* **MATERIALS PROVIDED**:
[Start of section]

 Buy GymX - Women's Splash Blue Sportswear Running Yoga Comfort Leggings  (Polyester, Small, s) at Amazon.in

[End of section]
[Start of section]

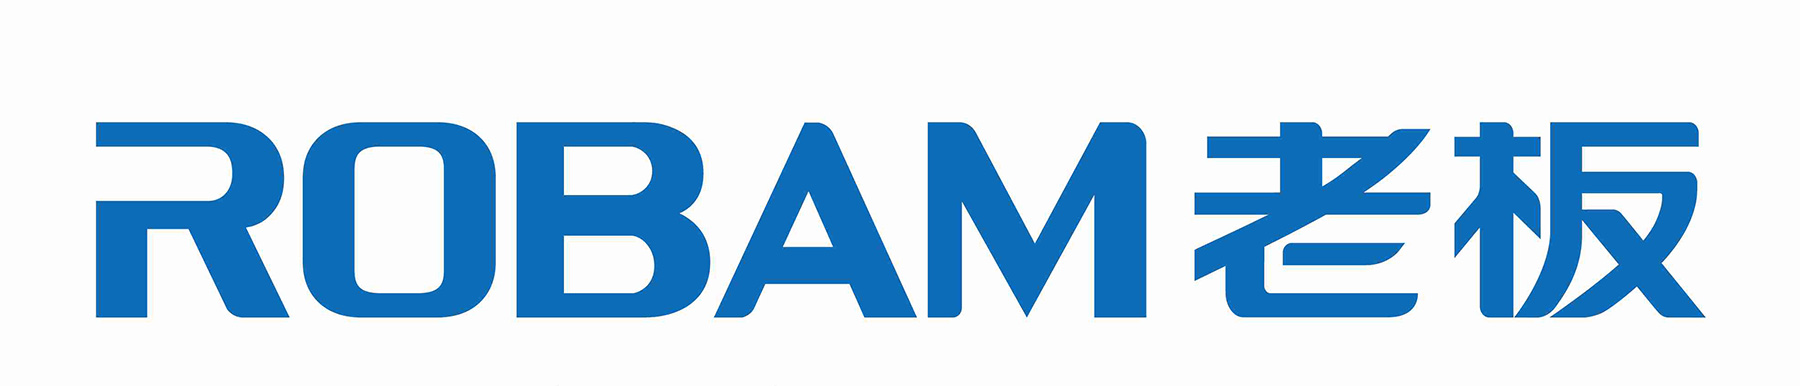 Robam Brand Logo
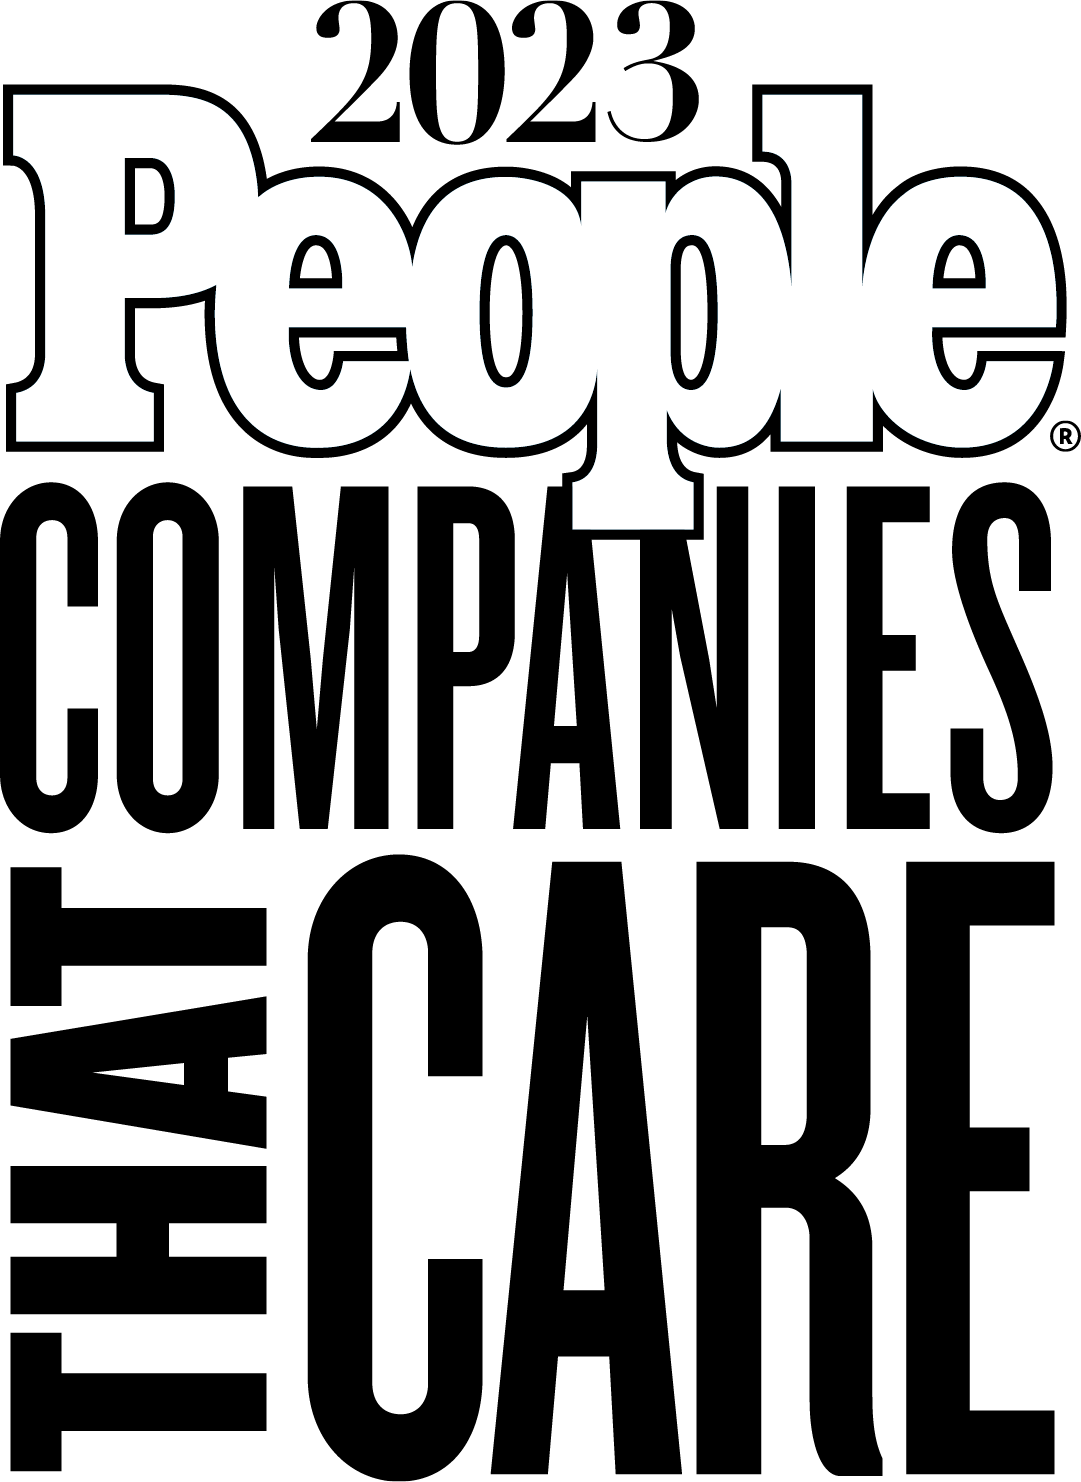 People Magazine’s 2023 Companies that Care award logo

[End of section]
[Start of section]

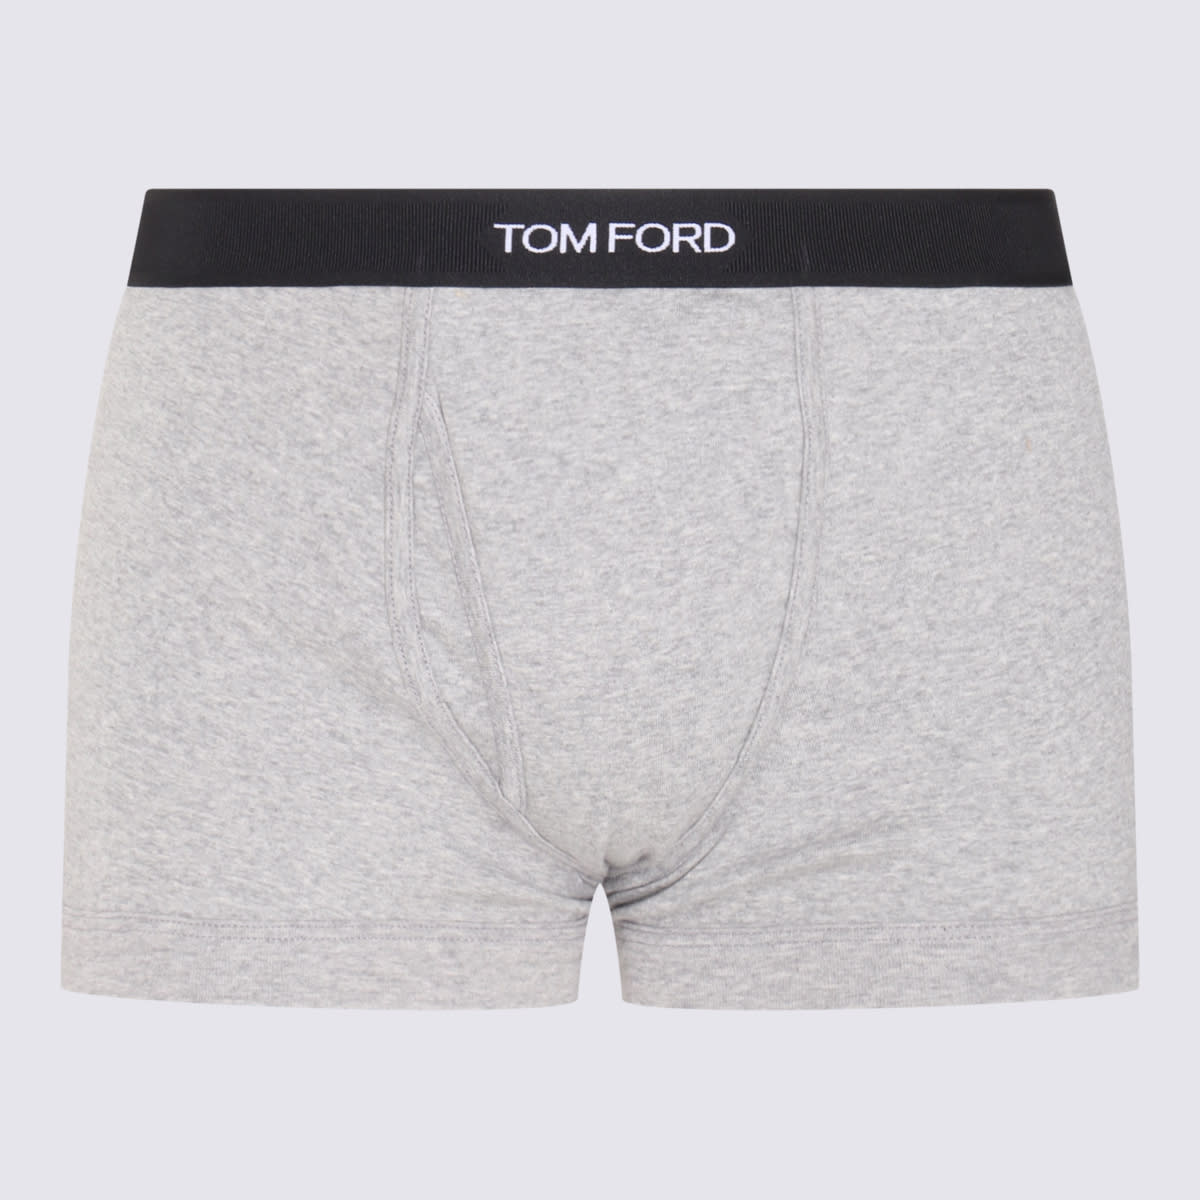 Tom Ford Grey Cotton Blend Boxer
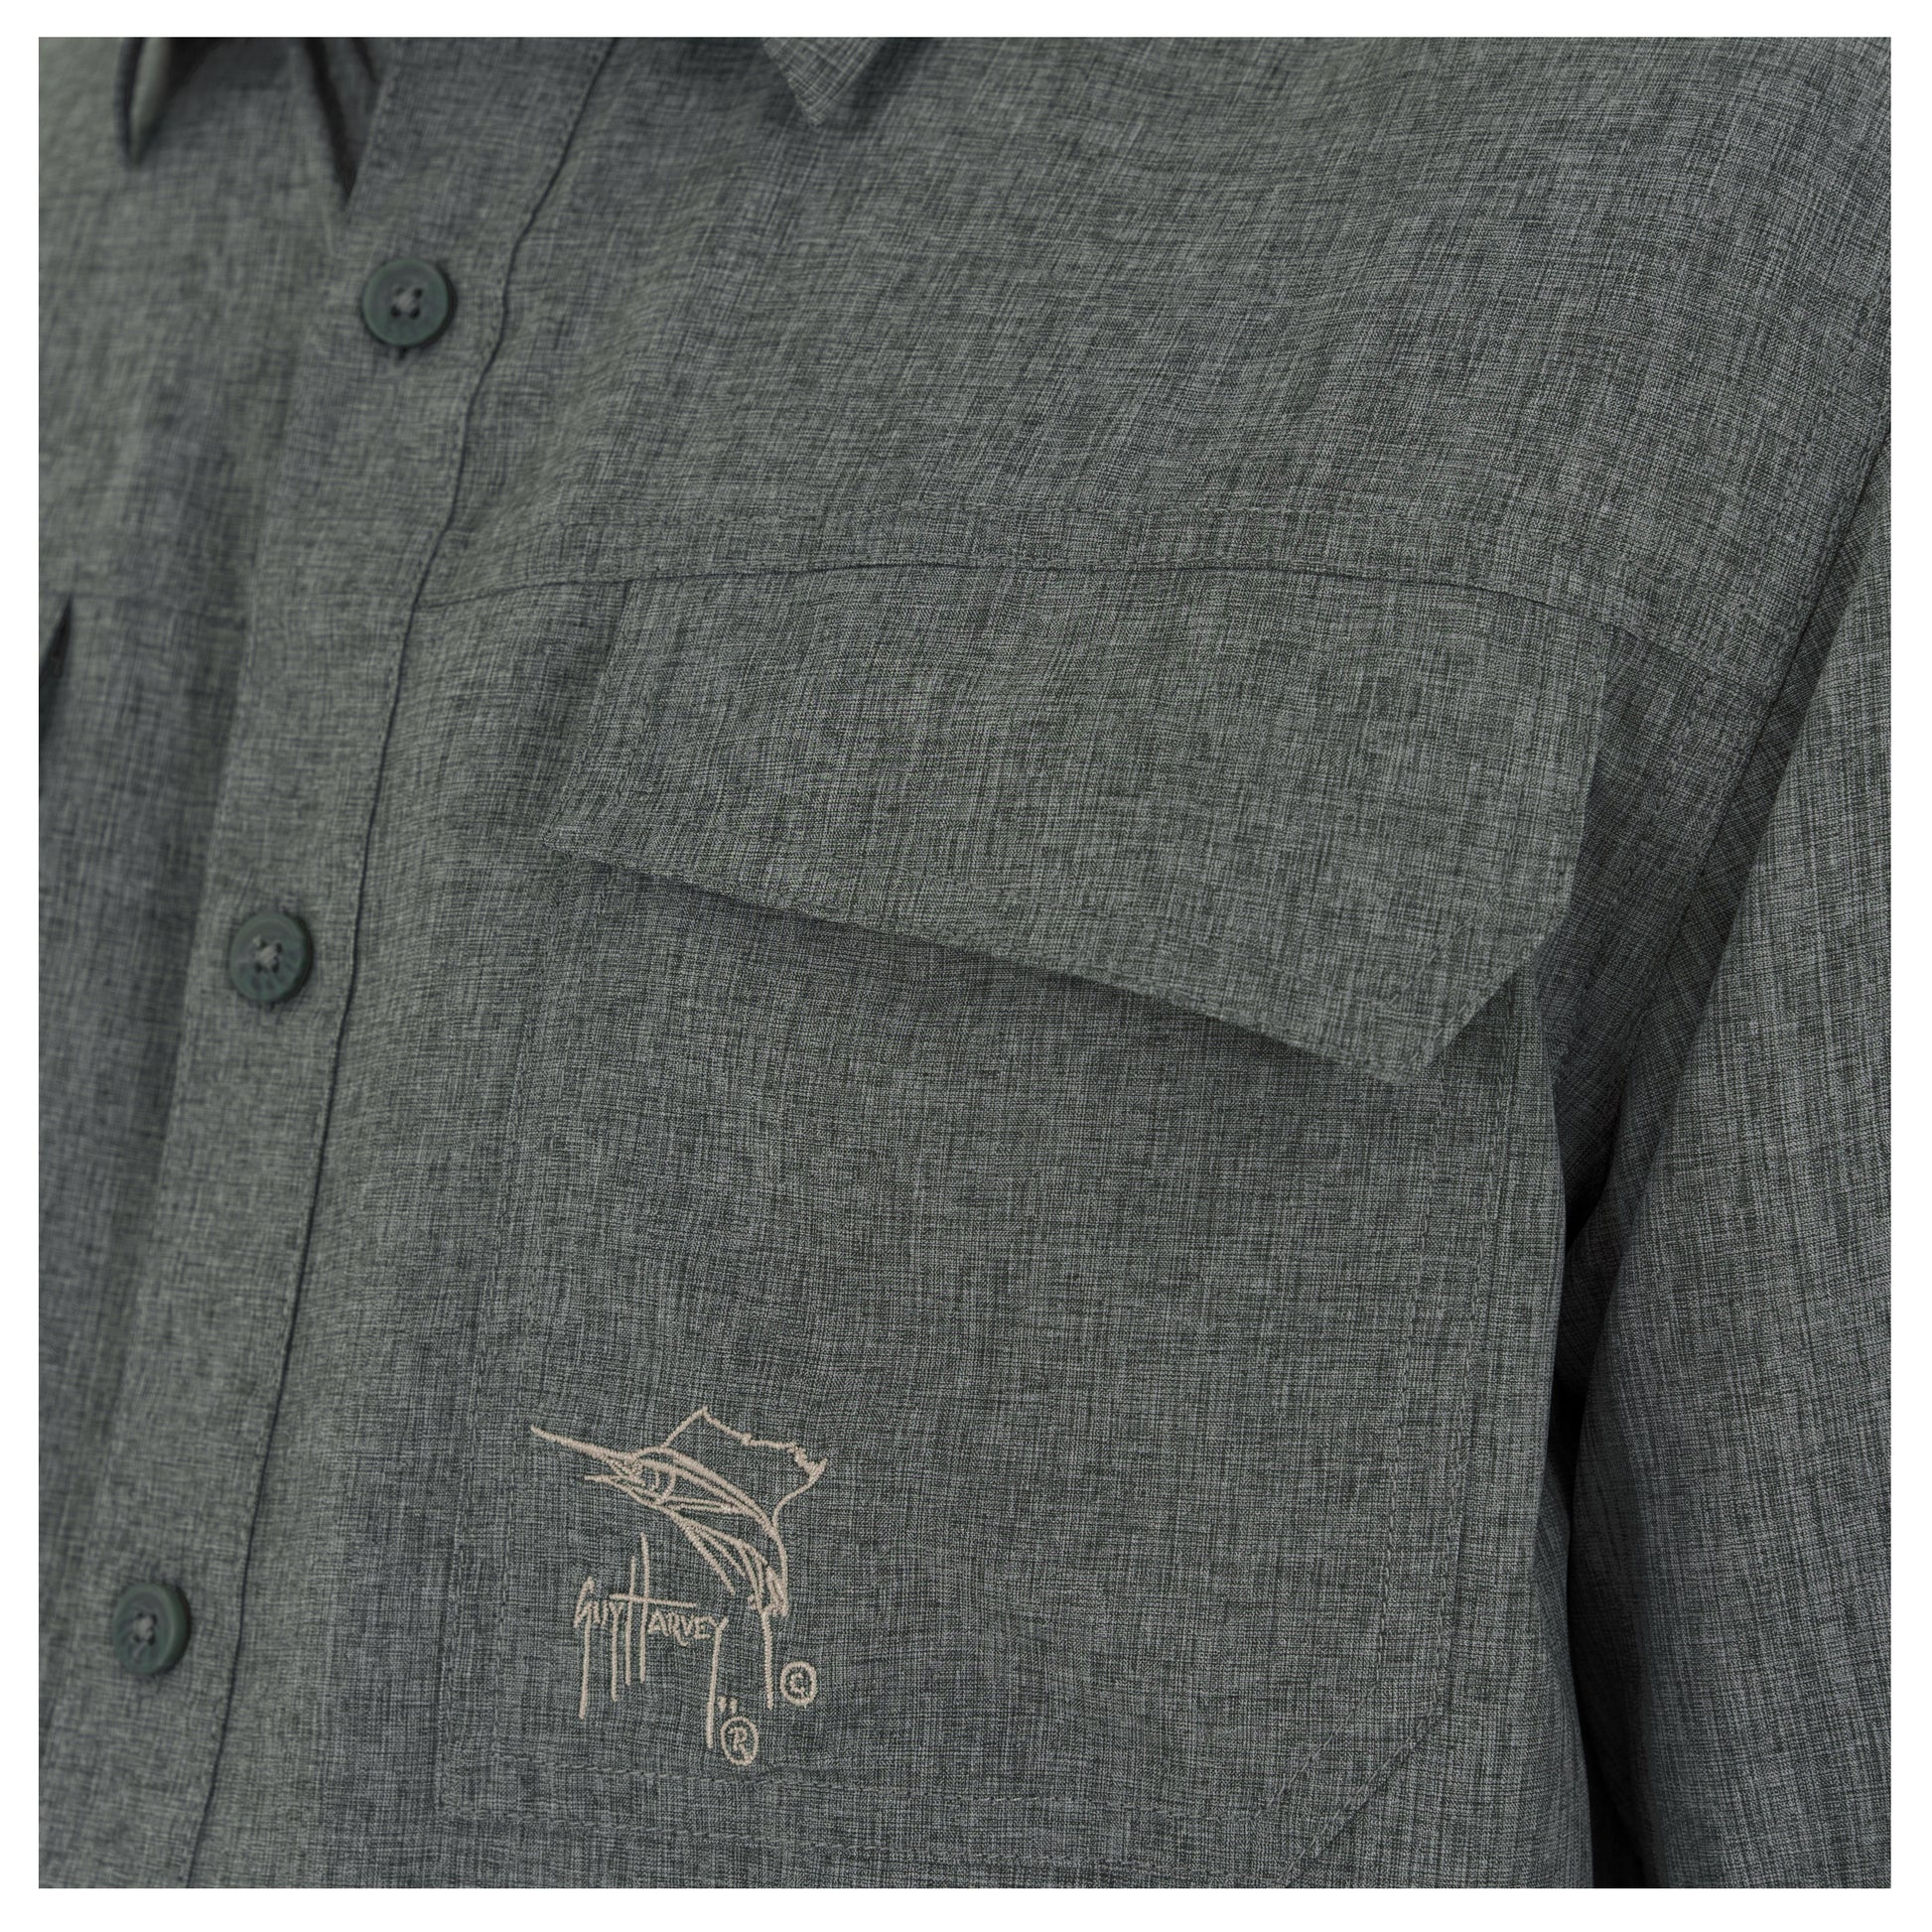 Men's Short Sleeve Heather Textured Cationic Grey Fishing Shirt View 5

[End of section]

* **WHAT NEEDS TO BE DONE**: The material above holds pictures; leave them out and set down exactly the lines from the line with "Tom Ford Grey Cotton Blend Boxer" to the line with "Men's Short Sleeve", both included.

* **WRITTEN ANSWER**:
 Tom Ford Grey Cotton Blend Boxer
 Men's Short Sleeve Heather Textured Cationic Grey Fishing Shirt View 5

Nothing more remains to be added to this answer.